_Task details_: Your copy should hold only the lines from the one with "Gucci Flashtrek 标志压花皮革绒面革网眼运动鞋" to the one with "Stilnovo Cascading Chandelier", both included, each exactly as it stands below, with no pictures.

_Data to process_:
----------
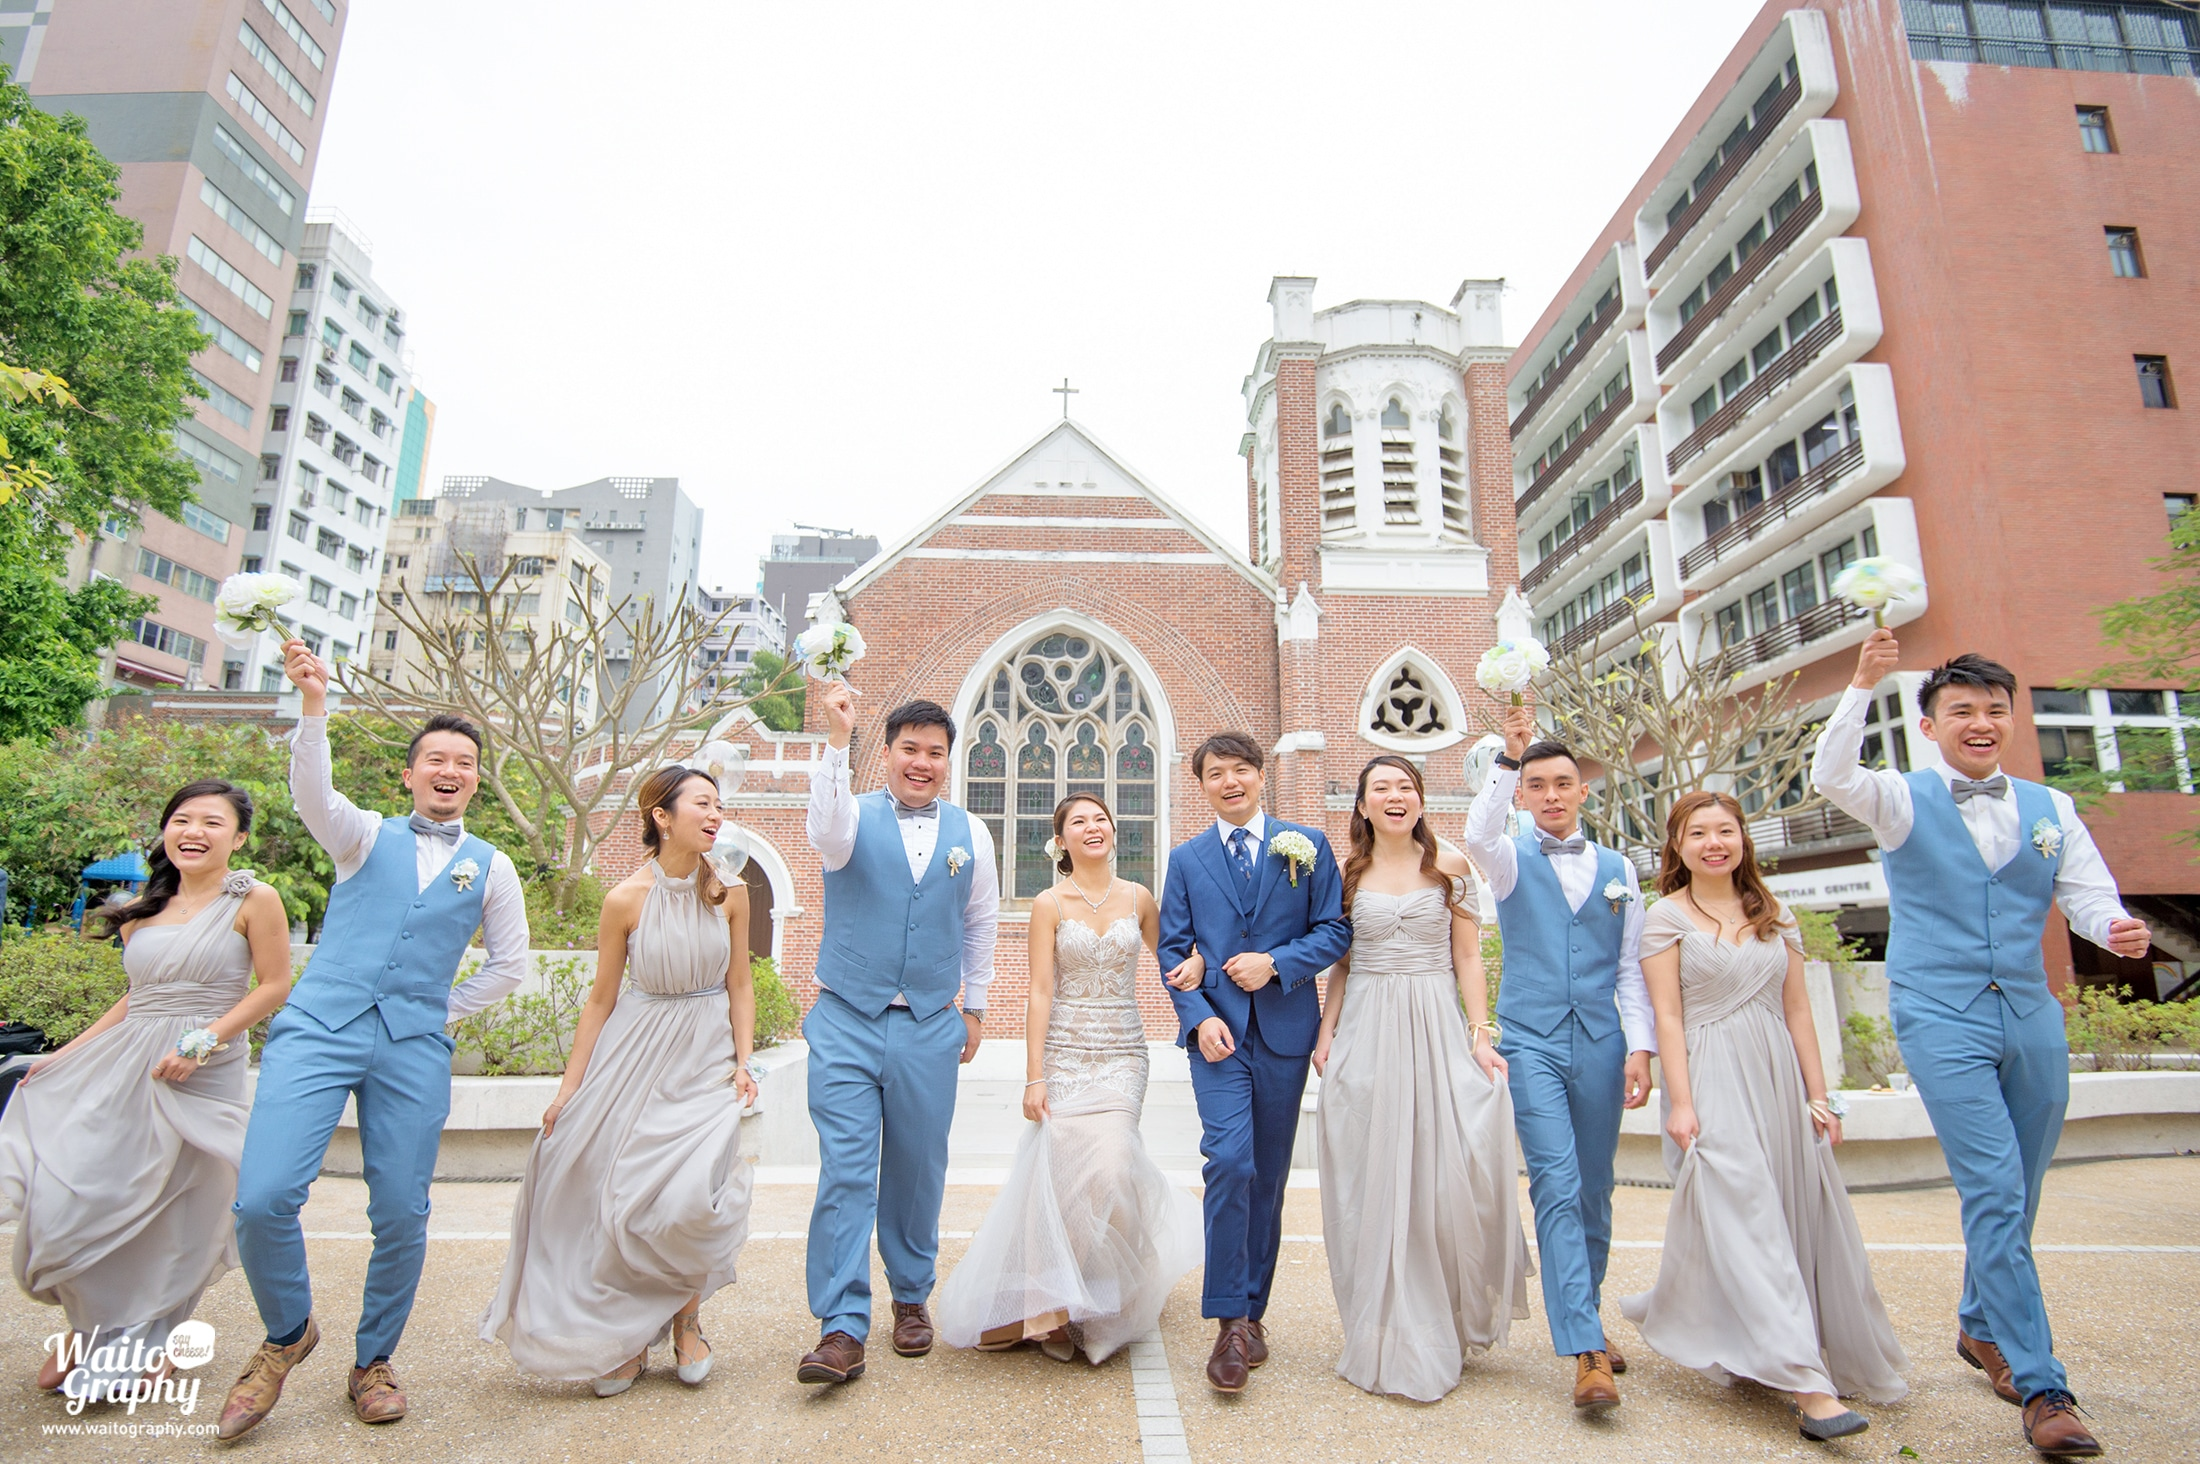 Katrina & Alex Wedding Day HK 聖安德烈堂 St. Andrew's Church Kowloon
----------
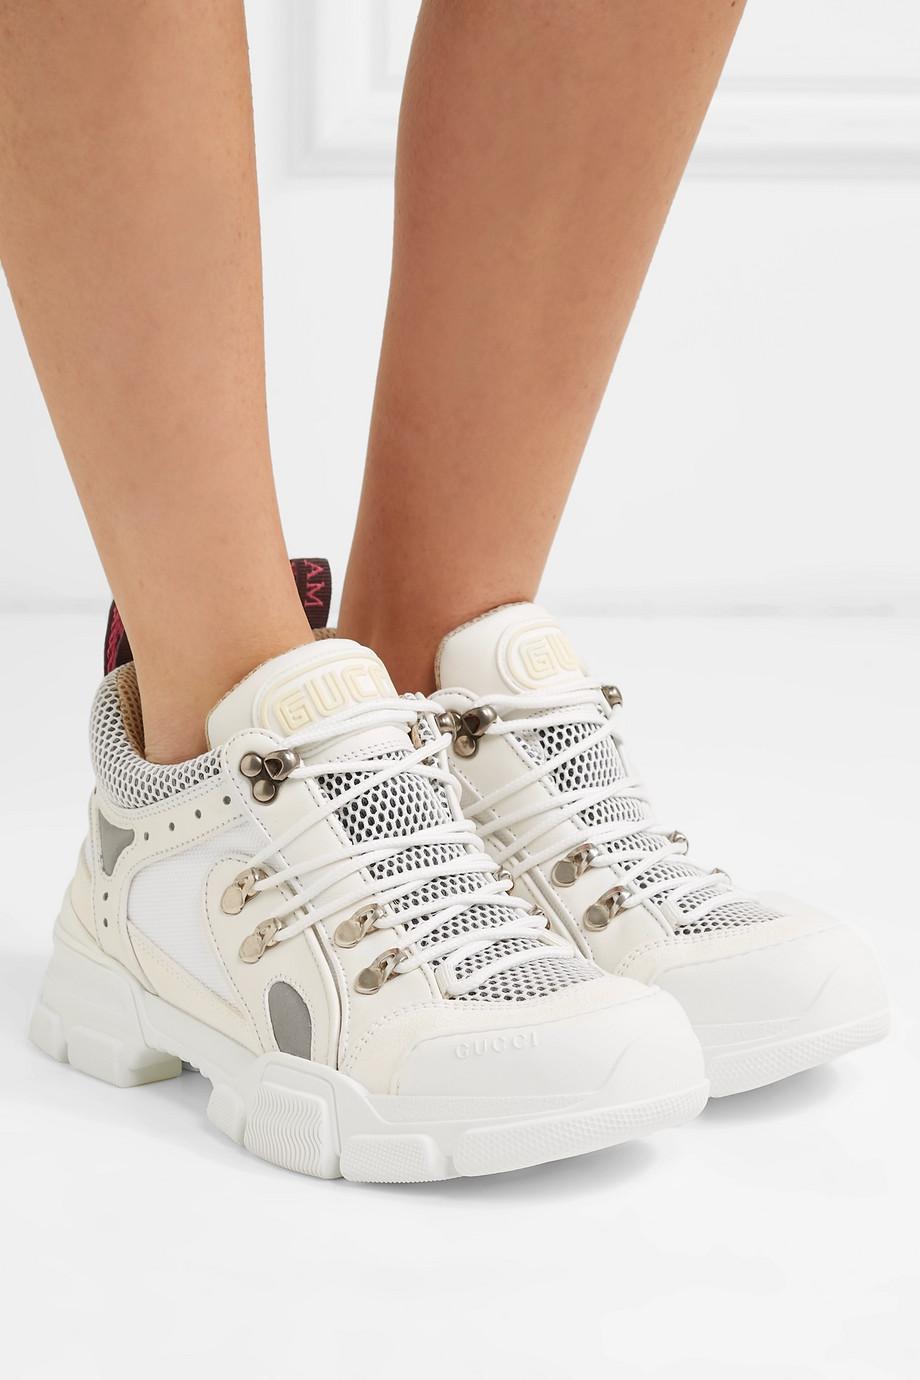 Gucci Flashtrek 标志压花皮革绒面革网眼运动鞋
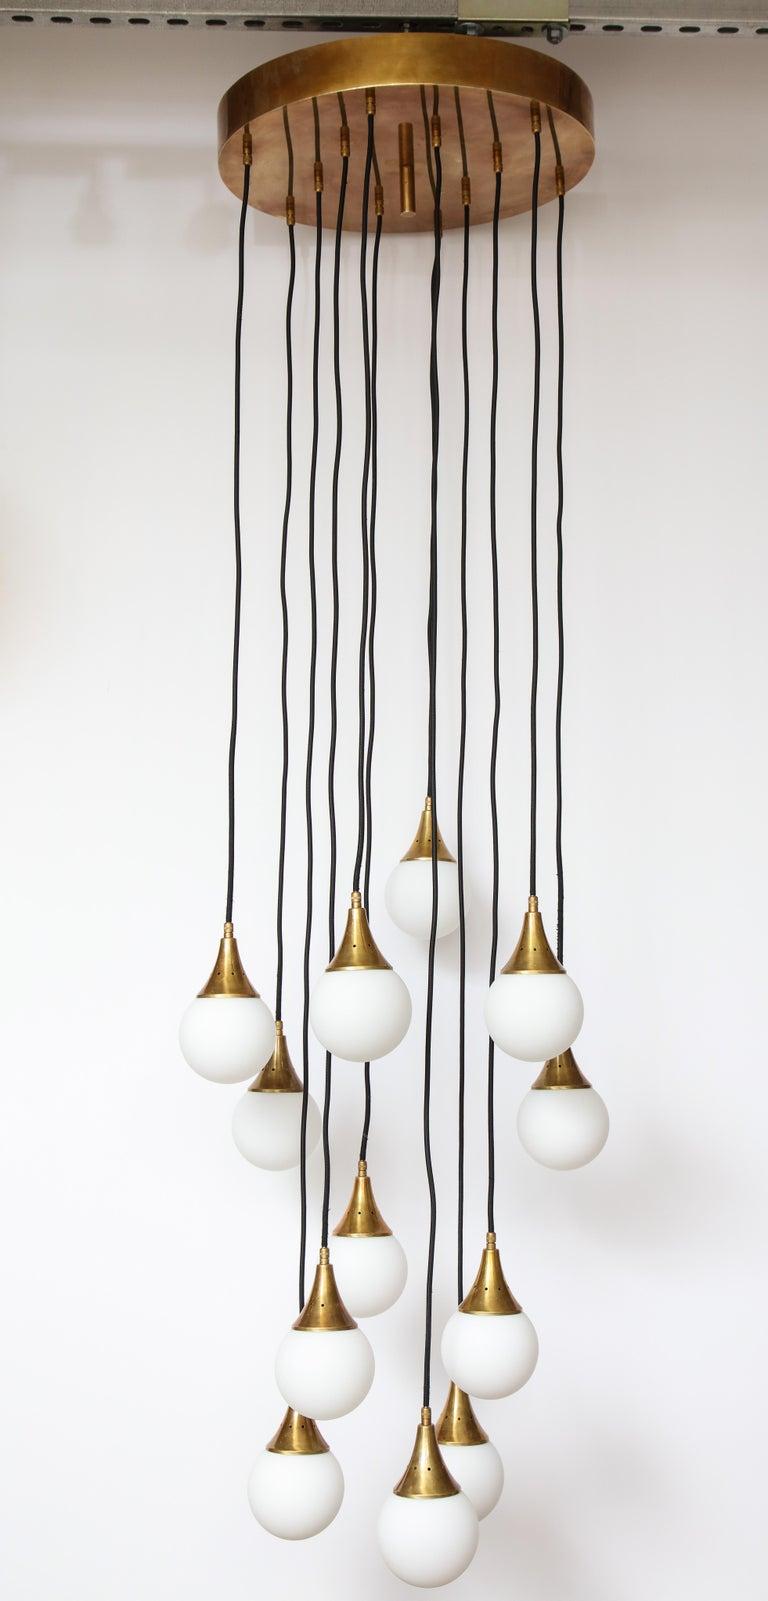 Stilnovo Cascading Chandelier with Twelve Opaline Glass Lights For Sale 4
----------
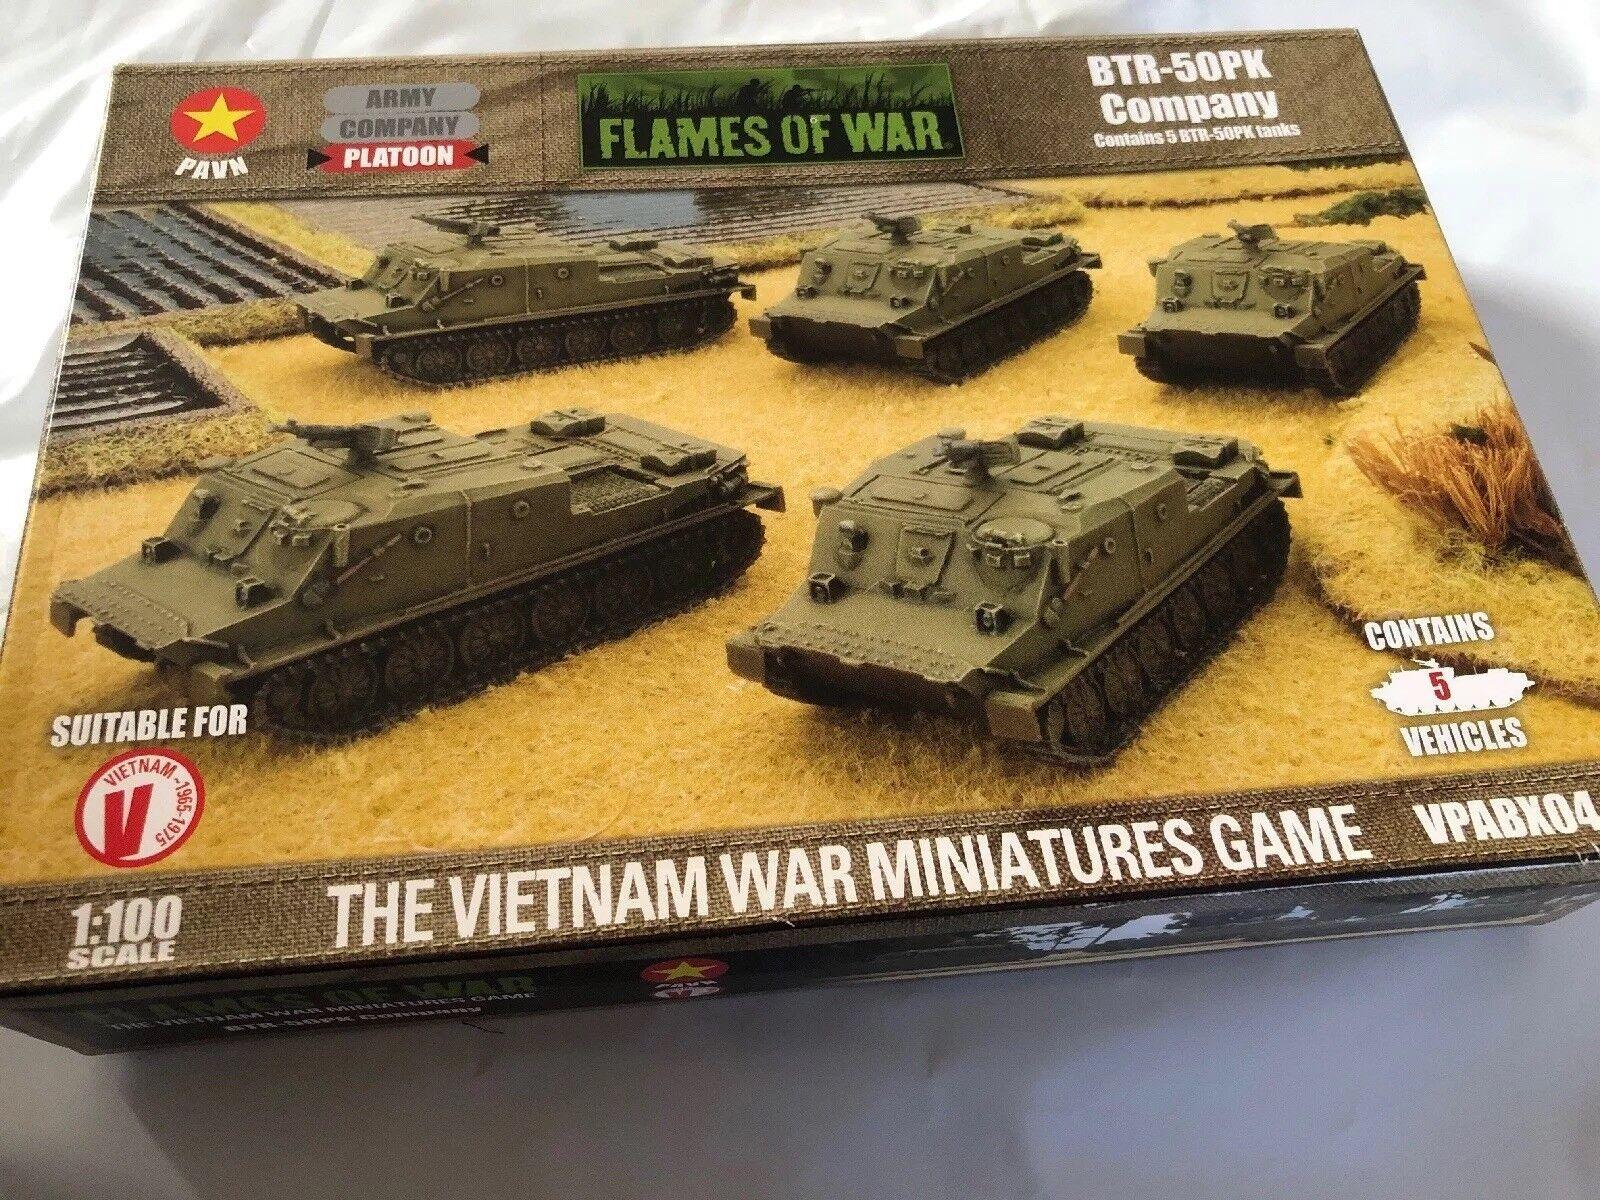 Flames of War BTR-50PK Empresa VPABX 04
----------
_Response to the task_:
 Gucci Flashtrek 标志压花皮革绒面革网眼运动鞋
 Stilnovo Cascading Chandelier with Twelve Opaline Glass Lights For Sale 4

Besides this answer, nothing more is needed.